Izal's most successful album was Autoterapia, their fourth studio album, which went to number 2 in the album charts by sales in March 2018, and number 1 by streaming. One reviewer noted that Izal's sound was "becoming increasingly distinctive and identifiable."

All but one of their albums made appearances in the official Spanish charts. Izal's least successful chart album was the 2023 compilation Pequeños grandes éxitos, with a single week in the charts.

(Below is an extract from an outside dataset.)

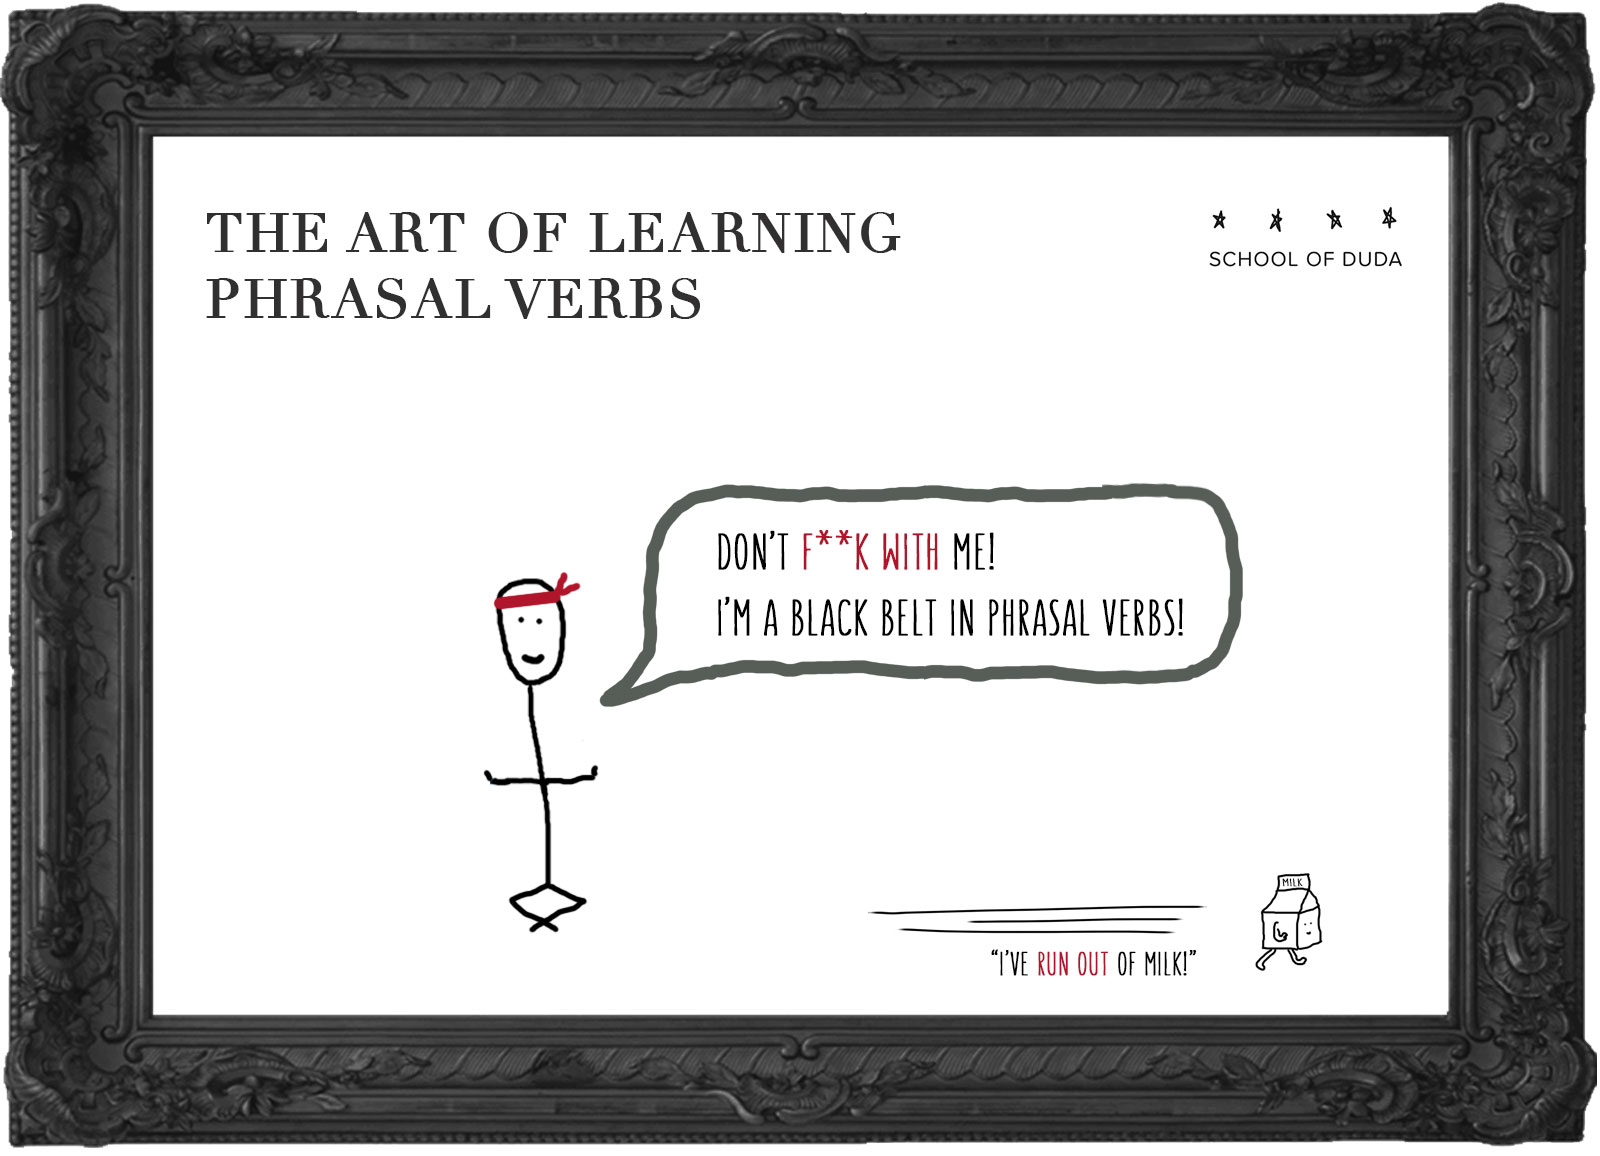 THE ART OF LEARNING PHRASAL VERBS - English Course

List of albums, with selected chart positions
| Released | Album | Peak chart position | Weeks in chart | Certifications |
| SPA | SPA |
| 2012 | Magia y Efectos Especiales (Magic and special effects) | 33 | 3 |  |
| 2014 | Agujeros de Gusano (Worm holes) | 8 | 42 |  |
| 2014 | Directo Sonorama 2014 (Festival live performance) |  |  |  |
| 2015 | Copacabana | 2 | 92 | SPA: Gold |
| 2017 | VIVO (Copacabana live performance) | 3 | 30 |  |
| 2018 | Autoterapia (Self-therapy) | 2 | 134 | SPA: Platinum |
| 2021 | Hogar (Home) | 2 | 60 | SPA: Gold |
| 2023 | Pequeños Grandes Éxitos (Small great hits) (compilation) | 78 | 1 |  |

== Extended play records ==
Izal's first record was an EP, Teletransporte, released in November 2010. Towards the end of the band's career Izal released their second and final EP, Micro abierto (Open mike) in March 2020. This second EP had collaborations with other artists.

== Musical style ==
Izal has been labelled as an indie group, and compared to another Spanish indie group, Love of Lesbian. Mikel Izal has stated that their musical genre is their own, and has suggested their style as pop arquitectónico (architectural pop). In later interviews Mikel Izal suggested that while the band was in the pop and rock category, their songs did have folk, psychedelic and flamenco influences. Miguel Ángel Bargueño, who wrote a biography of the band, said:
IZAL was categorized as indie, and they were: radically independent, since they never had a record label. Beyond that, one can find traces in their composition that have little to do with the "indie sound", if such a thing exists. Well into their career, Mikel's lyrics maintained a singer-songwriter feel. Alberto's guitar style is quite close to traditional rock, not to mention Iván's keyboards, often a legacy of progressive rock. Gato broke the languid bass lines of indie by introducing, if the song called for it, flourishes that could have been on a Red Hot Chili Peppers album. Those ingredients are not found in the music of other indie bands.